Friday, 14 February 2014

Faith and desire

It's time to gear up the publicity machine. Well, let's be honest, it's more like a pedalbike with a broken chain. What I mean is I have to find time in my day to not only rehearse with the cast and run my book business and, since I'm a stay at home worker, do some housework while the Other Half braves the winds and rain to get to and from work, but also to promote Angel & Now We Are Pope, which opens at the London Theatre New Cross on 18th March. Details of the production for those reading this post no later than 23rd March 2014 can be found here; details for those reading this post after that date are here.

Francis, not Hadrian . . . 
The double-bill of one-man plays which I have written and am directing (those of you who already know this should probably skip to the next paragraph) focus on two very different Roman Catholics. In Angel a fictional priest, albeit based on someone I met many years ago, is torn between his faith and sexual desire. In Now We Are Pope, the writer Frederick Rolfe, who died in Venice in 1913, relives his best-known novel, Hadrian VII, in which an Englishman becomes Pope, while also enjoying the intimate company of young gondoliers.

I am hoping that Catholics who hear of the plays will curious to see how I treat these characters and how they respond to the conflict between faith and the celibacy that the priesthood imposes. In Angel the conflict is clear. Here is a man with a powerful sex drive - a drive directed towards adults, by the way - who must nonetheless suppress it. What strains does this impose upon him? How does he resolve the conflicting needs of body and soul?

Now We Are Pope focuses less on that conflict, although Rolfe himself was aware of it and responded in his own manner. There the emphasis is more on the writer's challenging personality and his narrow vision of the world. In that play I am more interested in the question whether this is a man who should have been Pope, a man to be respected or condemned?

It's no secret for those who have wandered through my various websites that I am an atheist. But that does not mean that my views on the (non-)existence of God play any part in either play. In my fiction and drama I have never wanted to promote any world view. What I want to do is reveal the complexity of human character, to understand, and help my readers and audience understand, what motivates individuals. In Angel, the (non-) existence of God is irrelevant; what matters is the response of one believer to the impossible demands placed upon him.
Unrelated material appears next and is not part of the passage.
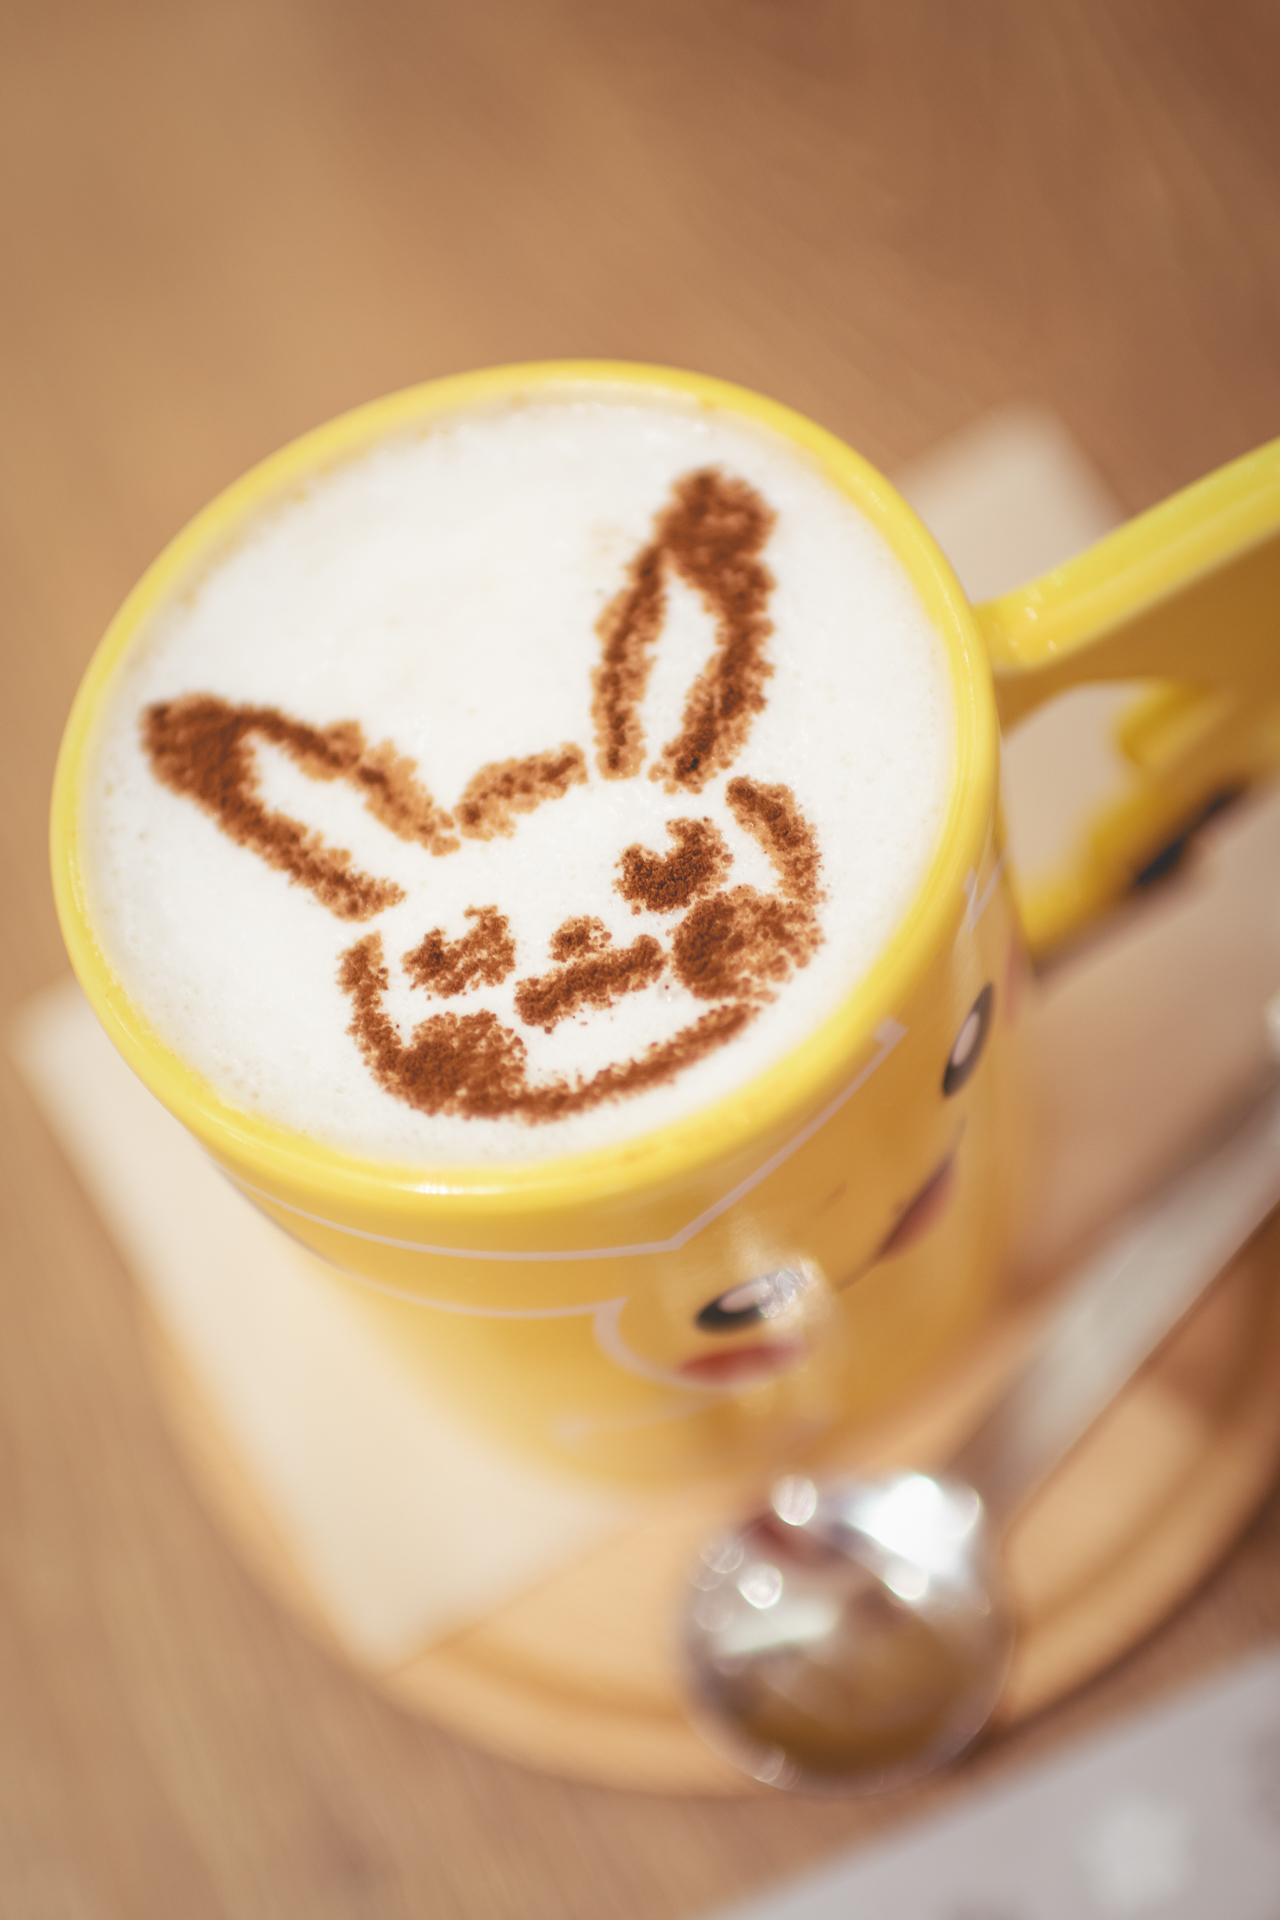 Pikachu latte
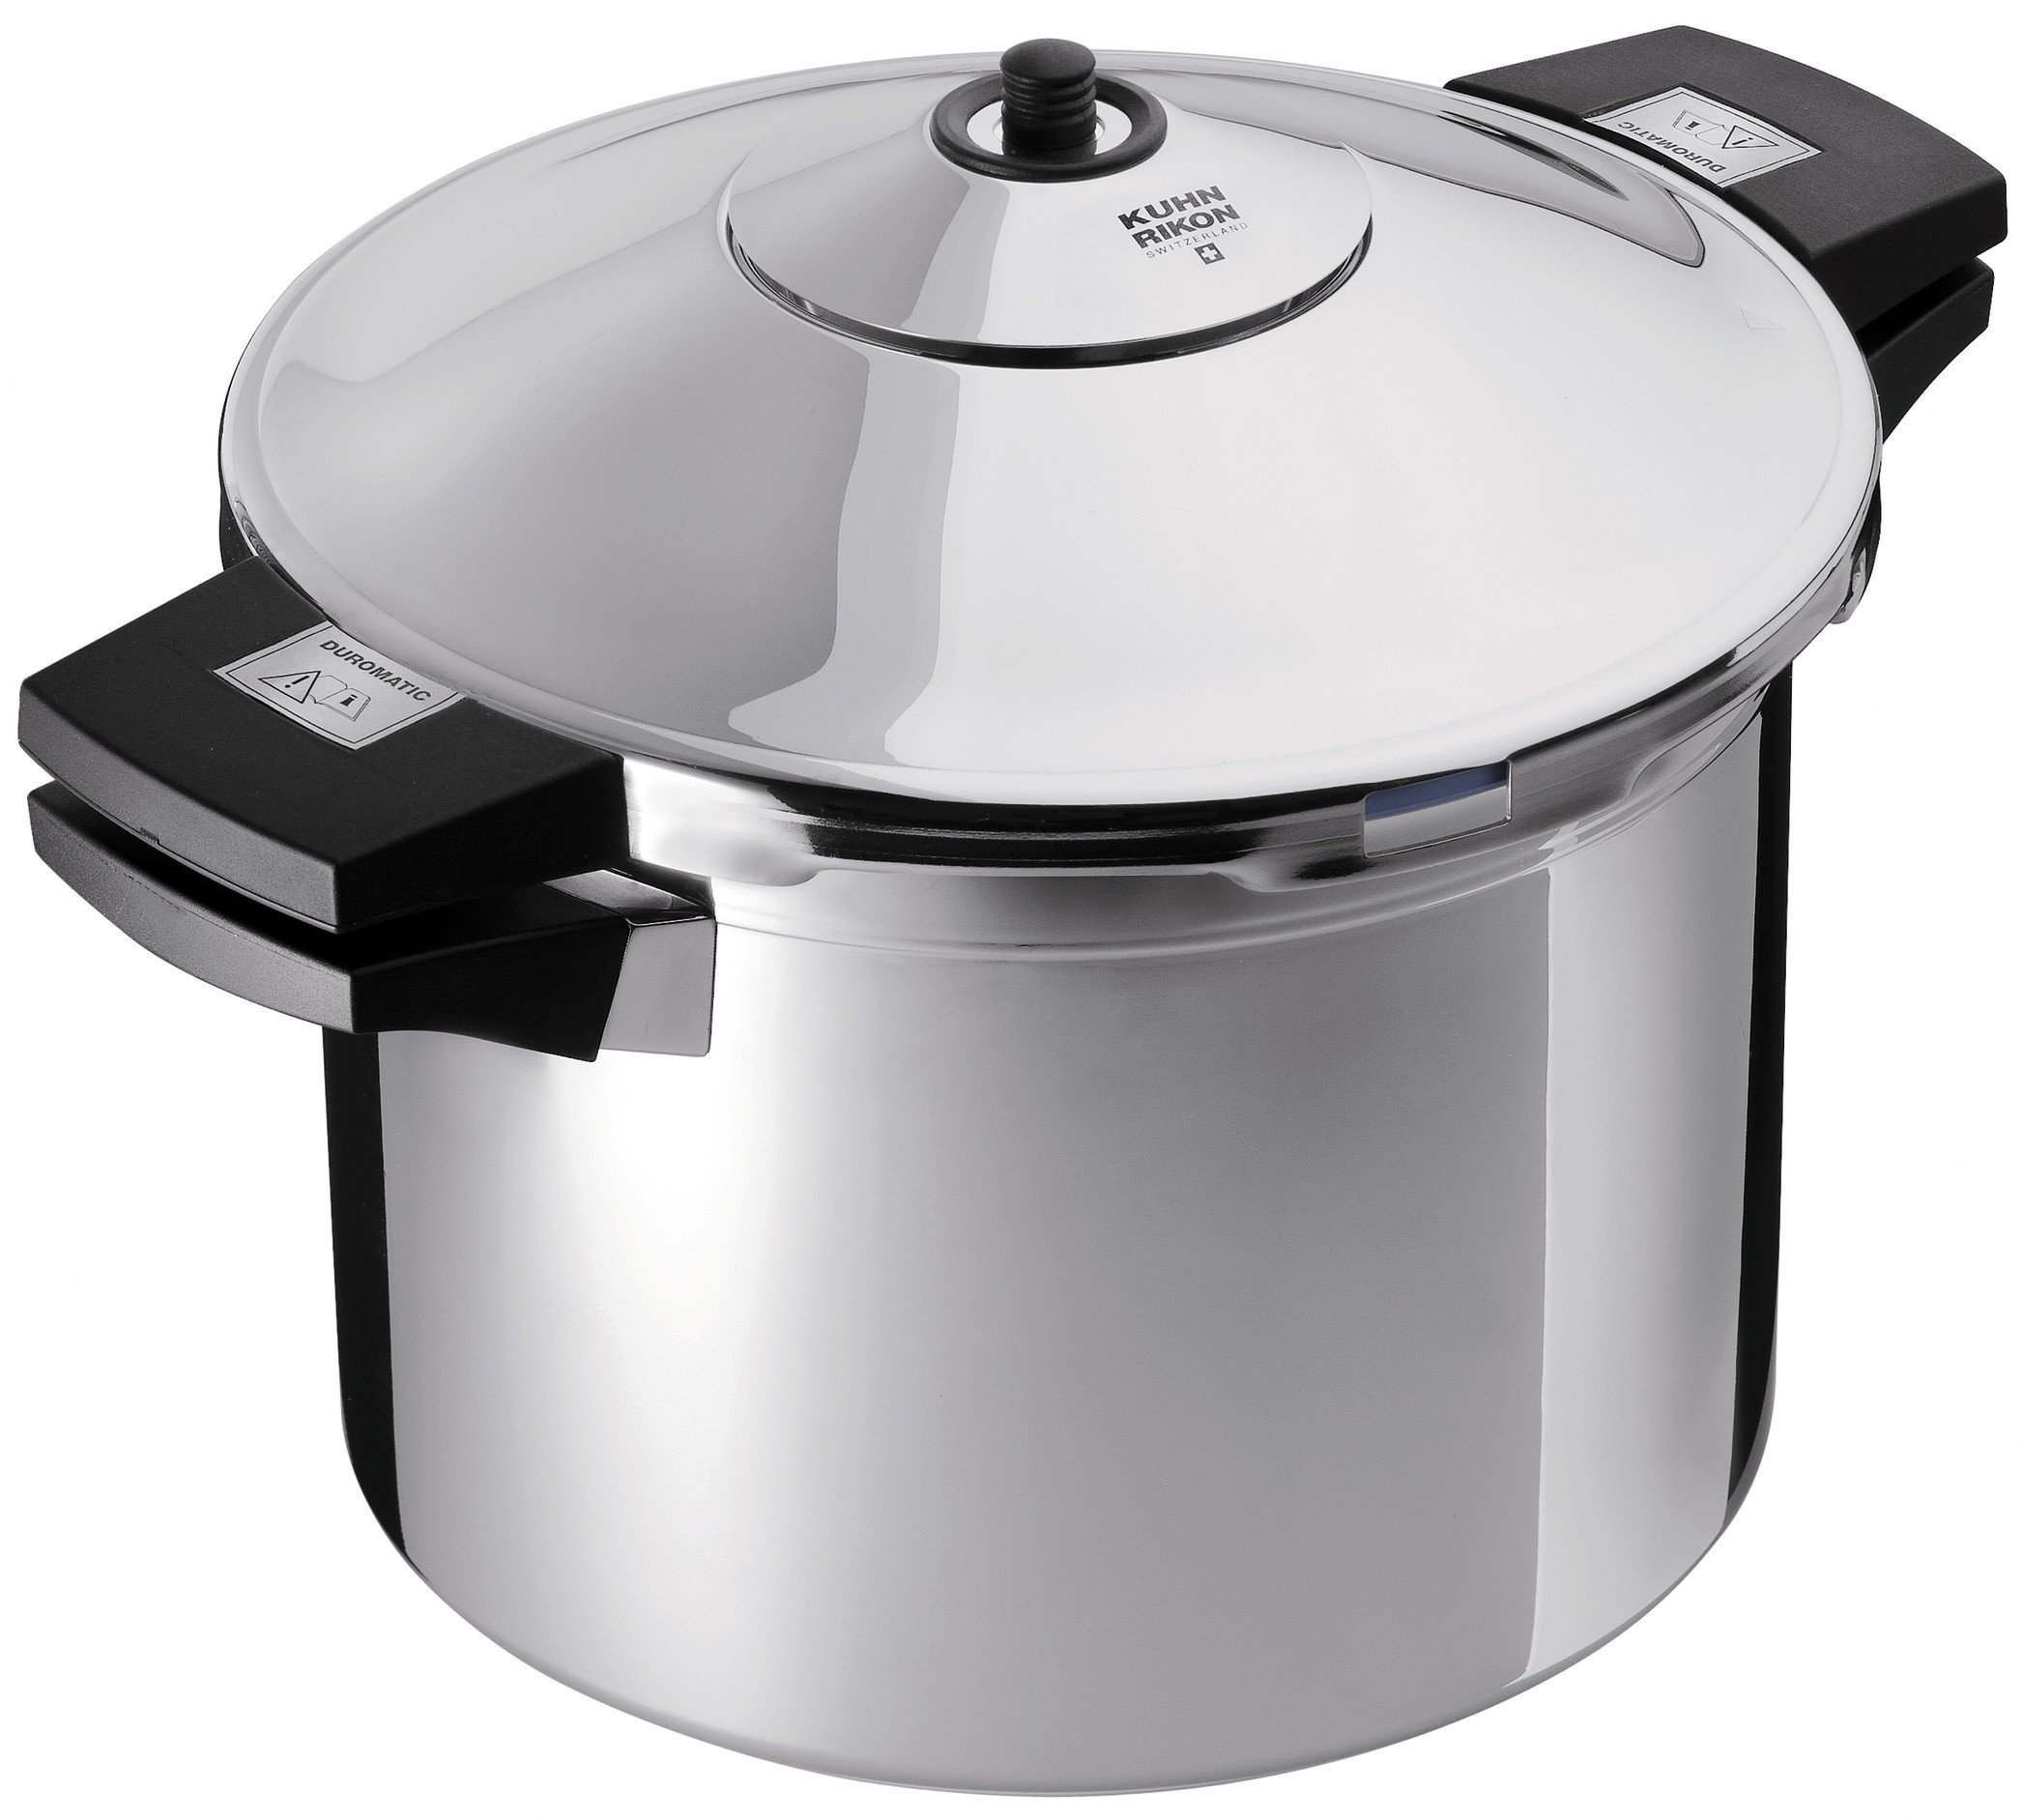 Kuhn Rikon Stainless-Steel Pressure Cooker, 8 qt

In Now We Are Pope, Rolfe's fantasy of being Pontiff is merely one facet of a complex character that I hope is gradually revealed as the play progresses.

With these thoughts in mind I have spent several hours yesterday and today emailing and posting notices to Catholic churches, organisations and publications across London, in the hope that they will come to the plays - and stay afterwards to debate with me the issues that arise. Will my efforts be successful? I'll let you know, but in the meantime, if you are of a religious bent, please pass on this post to others. I hope to see you, and them, there.